An iPod touch with a camera. It's a powerful proposition. The fact that it can replace a camera makes it that much more powerful of a gadget, that much more of a threat to everything else—because that means it really can replace everything in a manbag or purse but the phone—iPod, camera, notepad, gaming device, the list goes on. And it's everything that's great about the iPhone 4, but without the technological venereal disease that is a two-year AT&T contract. It's approachable, even to people who aren't super tech savvy—they can keep their simple, reliable phone on any carrier and use the iPod touch right along with it. That's a killer gadget.
[Via Gizmodo]
A friend of mine is moving to France for a year. Her contract with Verizon is up for renewal. She's not a super dweeb, but she was considering getting a decent Android phone—the Incredible, or Droid X—and simply running it on Wi-Fi, using it as her ultra pocketable computer for music, web browsing, Facebook, email and importantly, an internet-connected camera alongside a cheap pay-as-you-go phone for basic service over there. The Verizon salesperson inexplicably told that wouldn't work at all. I told her it simply wouldn't be very good. What she needs, really, is an iPod touch with the iPhone 4's retina display and dual cameras.
Inexplicably, there's never been a credible iPod touch competitor. The Zune HD doesn't run apps (the handful it's got don't count), so it's limited in what it can do—it's simply a very good music player. Android is still a miserable place to be when it comes to media, and on top of that, all of the Android "tablets" have been thoroughly mediocre. There's nothing out there that's remotely like the iPod touch. And obviously, there's a demand for it, since it's the only iPod whose sales are still growing.

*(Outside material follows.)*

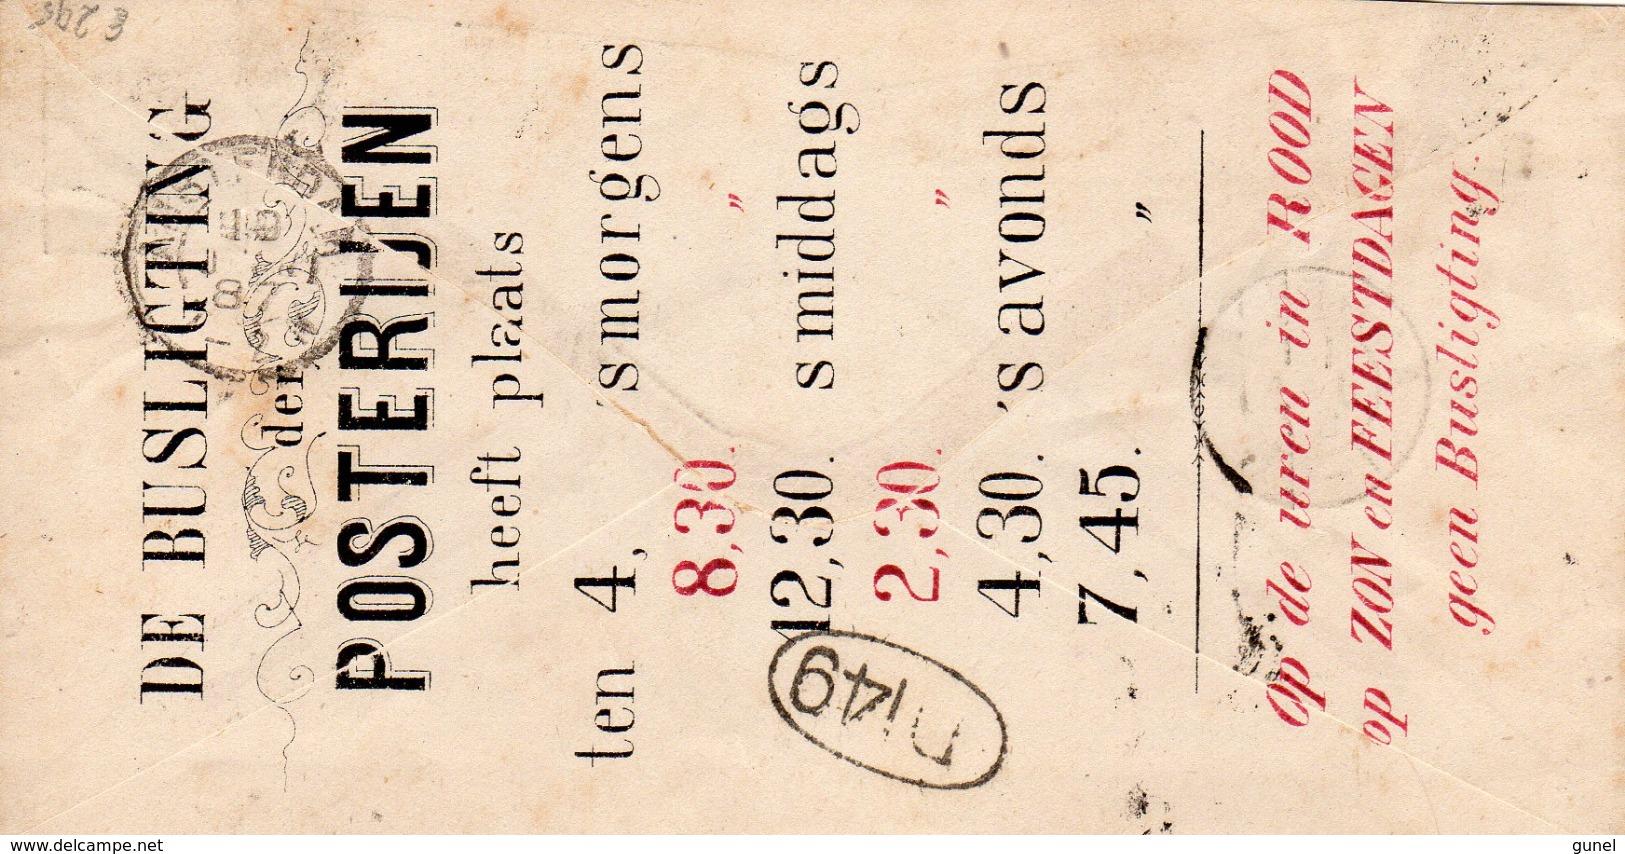 19 JAN 87 Envelop G1 PARTICULIER Bedrukt HOF-APOTHEEK Met Busligtingen Op Achterzijde - Postwaardestukken

An iPod touch with the iPhone 4's remarkable-for-a-phone camera would be the gadget that's effectively a ninja assassin squad against a whole range of other middling gadgets. A 32GB model would be $300, assuming Apple keeps the same pricing scheme as always. (They will.) A FlipHD is bulkier, shoots the same 720p video, and it's about $150. The average cheapish point-and-shoot is around $150 too, and doesn't shoot photos that are much better in the hands of a normie. An iPod touch with the iPhone 4's excellent camera would replace both of them—with some superior capabilities, like easy uploading to Flickr or Facebook—while doing all of the other things an iPod touch is awesome at for a minimal amount of extra scratch.
The camera app is less flexible than a dedicated camera, this is true. There's no white balance control, or exposure compensation, or other advanced controls you'd find on even middling point-and-shoots. But the people who could replace their point-and-shoot with an iPod touch are the kind of people who didn't mess with that stuff anyway: They point. They shoot. And excellent imaging apps like Hipstamatic and Pano deliver the kinds of effects and fireworks the average person is looking for in their photos. Even I've semi-replaced my S90 with my iPhone 4, for 90 percent of the quick photos I take.
An iPod touch with a camera. It's a powerful proposition. The fact that it can replace a camera makes it that much more powerful of a gadget, that much more of a threat to everything else—because that means it really can replace everything in a manbag or purse but the phone—iPod, camera, notepad, gaming device, the list goes on. And it's everything that's great about the iPhone 4, but without the technological venereal disease that is a two-year AT&T contract. It's approachable, even to people who aren't super tech savvy—they can keep their simple, reliable phone on any carrier and use the iPod touch right along with it. That's a killer gadget.